Now we get to the good stuff! We will need to know how to label the null and alternative hypothesis, calculate the test statistic, and then reach our conclusion using the critical value method or the p-value method.

The Test Statistic for a 1 Proportion Test:

[latex]z = \displaystyle \frac{\hat{p} - p}{\sqrt{\frac{p \times q}{n}}}[/latex]

What the different symbols mean:

[latex]x[/latex] is the number of successes or observations (not always needed)

[latex]n[/latex] is the sample size (number of people, items, etc… in the study)

[latex]p[/latex] is the population proportion, this will be used in the null and alternative hypotheses as well

[latex]\hat{p}[/latex] is the sample proportion (or percentage), given by [latex]\hat{p} = \frac{x}{n}[/latex]

[latex]q[/latex] is what is left over from the population proportion (or percentage), given by [latex]q = 1 - p[/latex]
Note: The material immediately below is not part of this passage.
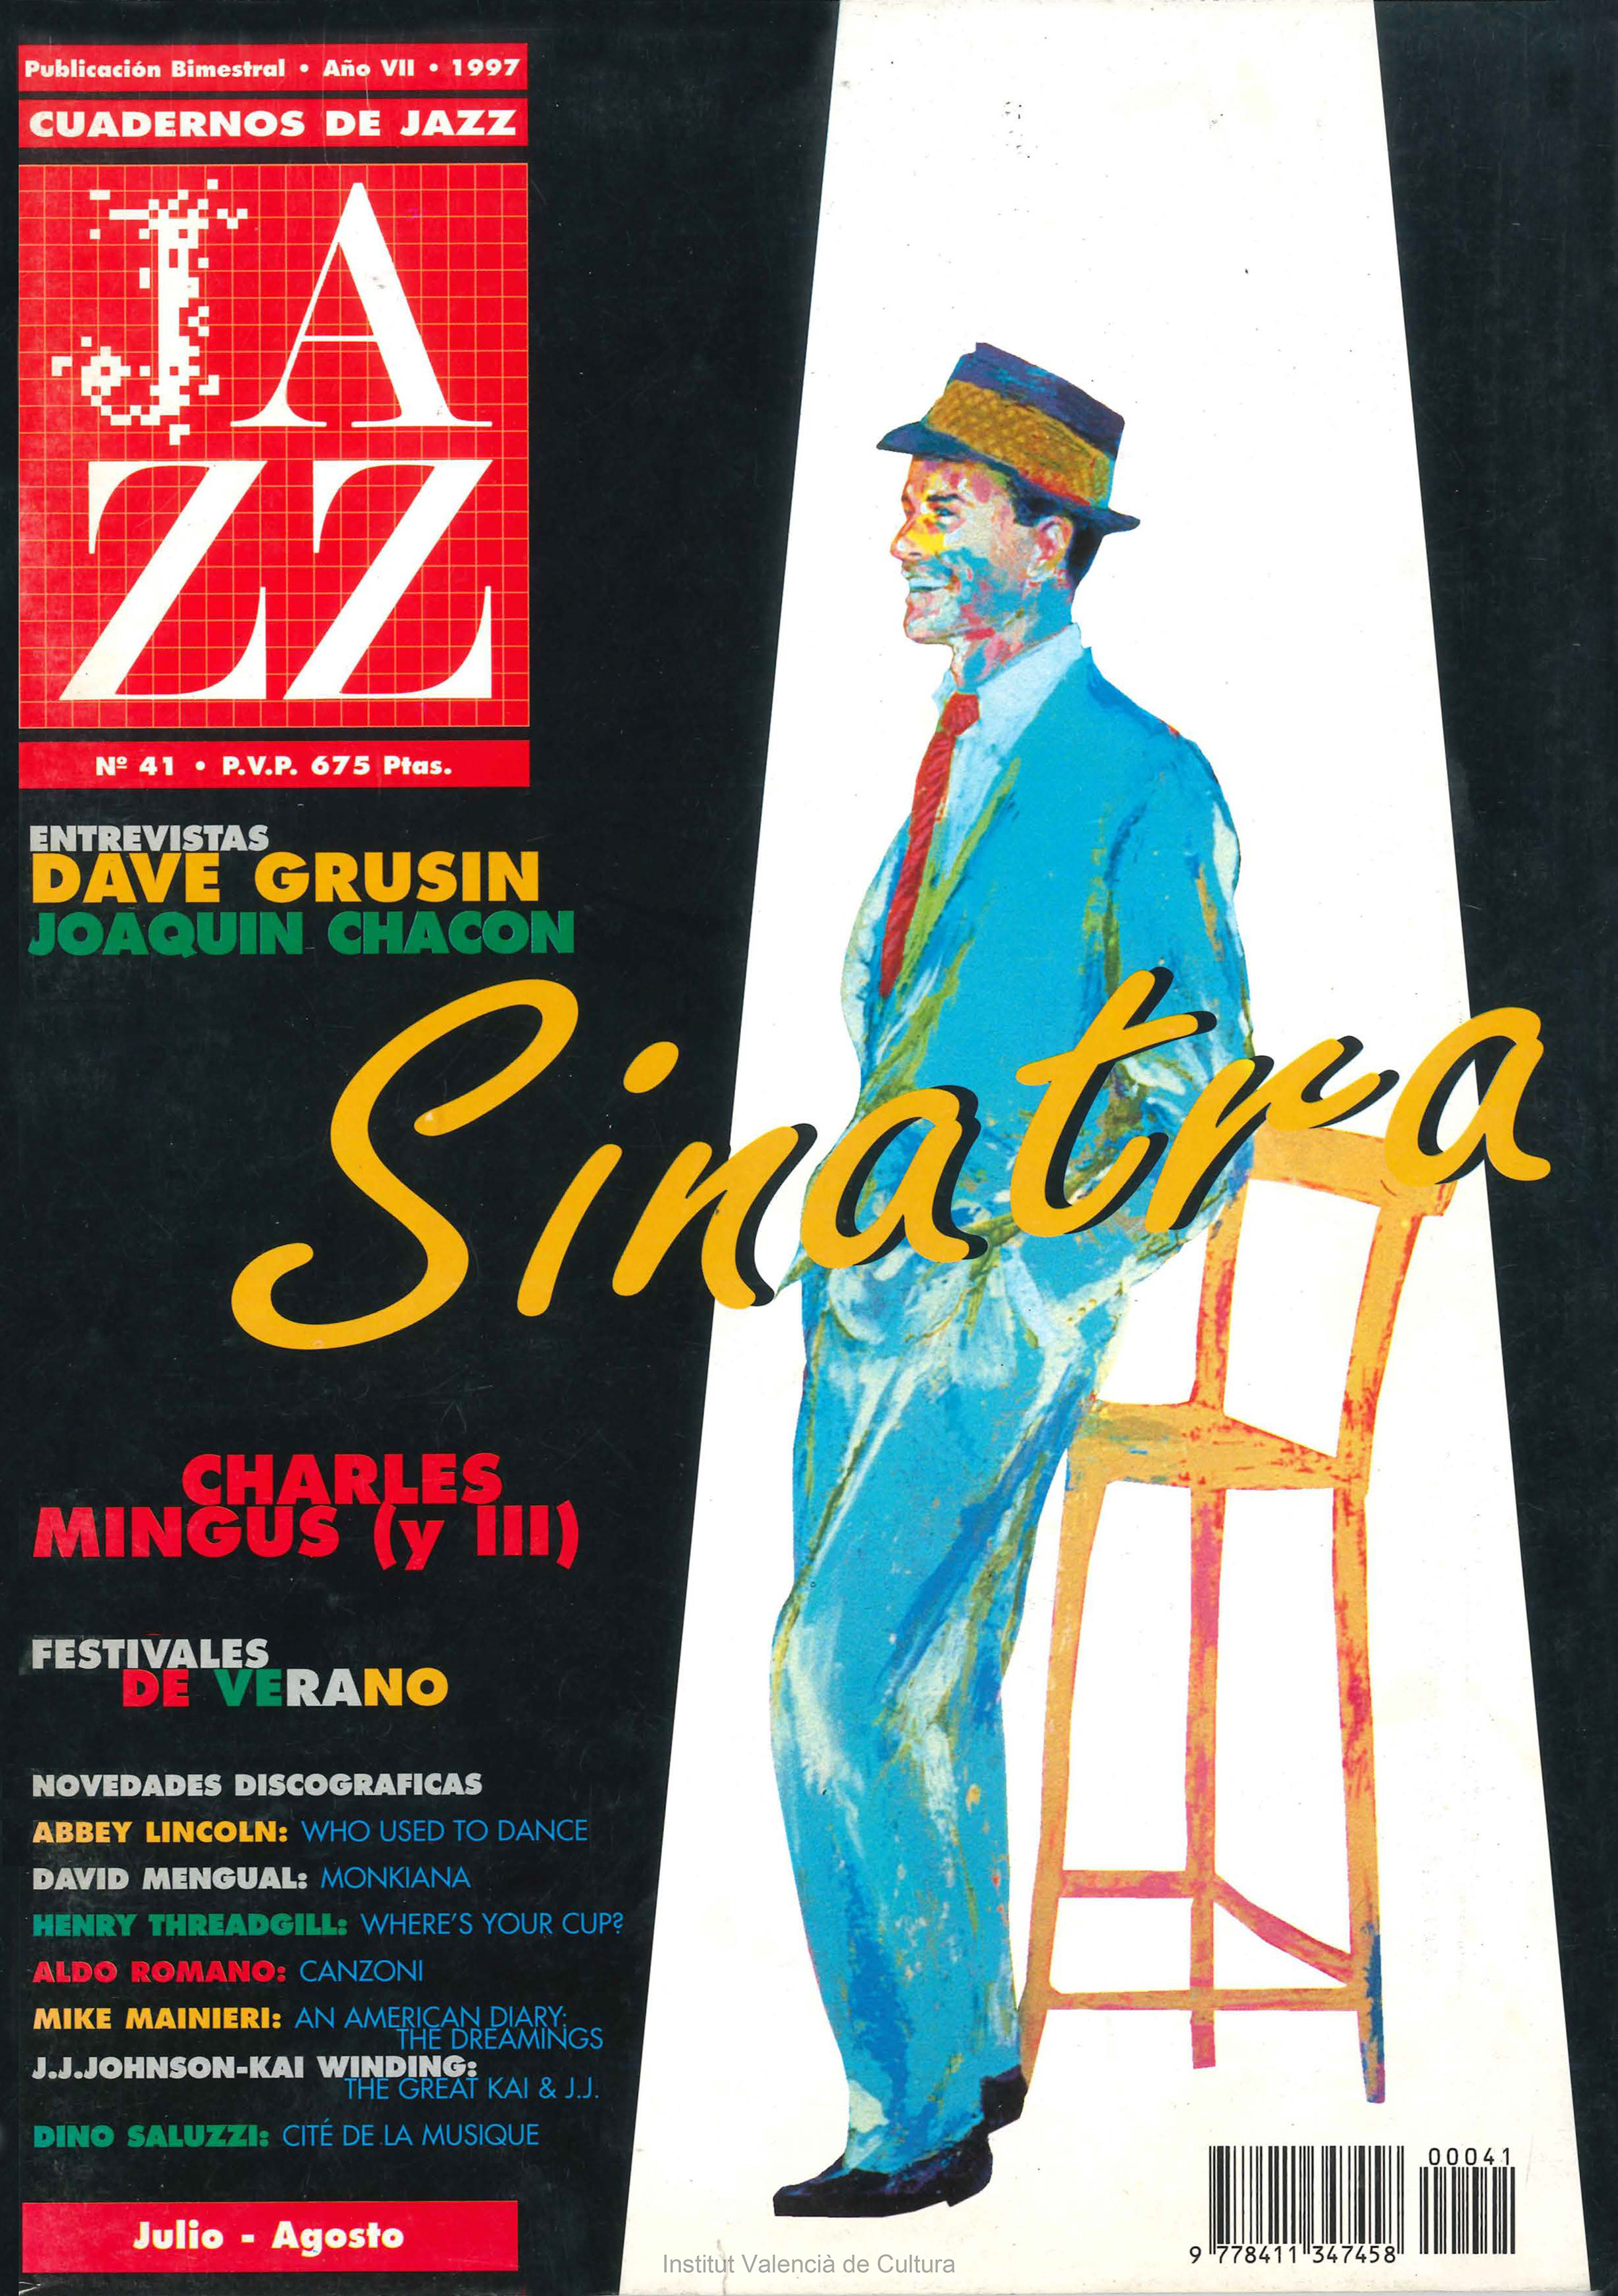 Cubierta del número 41 de la revista Cuadernos de Jazz

[latex]\alpha[/latex] is the significance level, usually given within the problem, or if not given, we assume it to be 5% or 0.05

Assumptions when conducting a 1 Proportion Test:

• We have a simple random sample
• The binomial distribution is in effect
  • Fixed number of trials
  • Trials are independent
  • Two categories for outcomes
  • Probabilities constant for each trial
• There are at least 5 successes and at least 5 failures
• [latex]np \ge 5[/latex] and [latex]nq \ge 5[/latex]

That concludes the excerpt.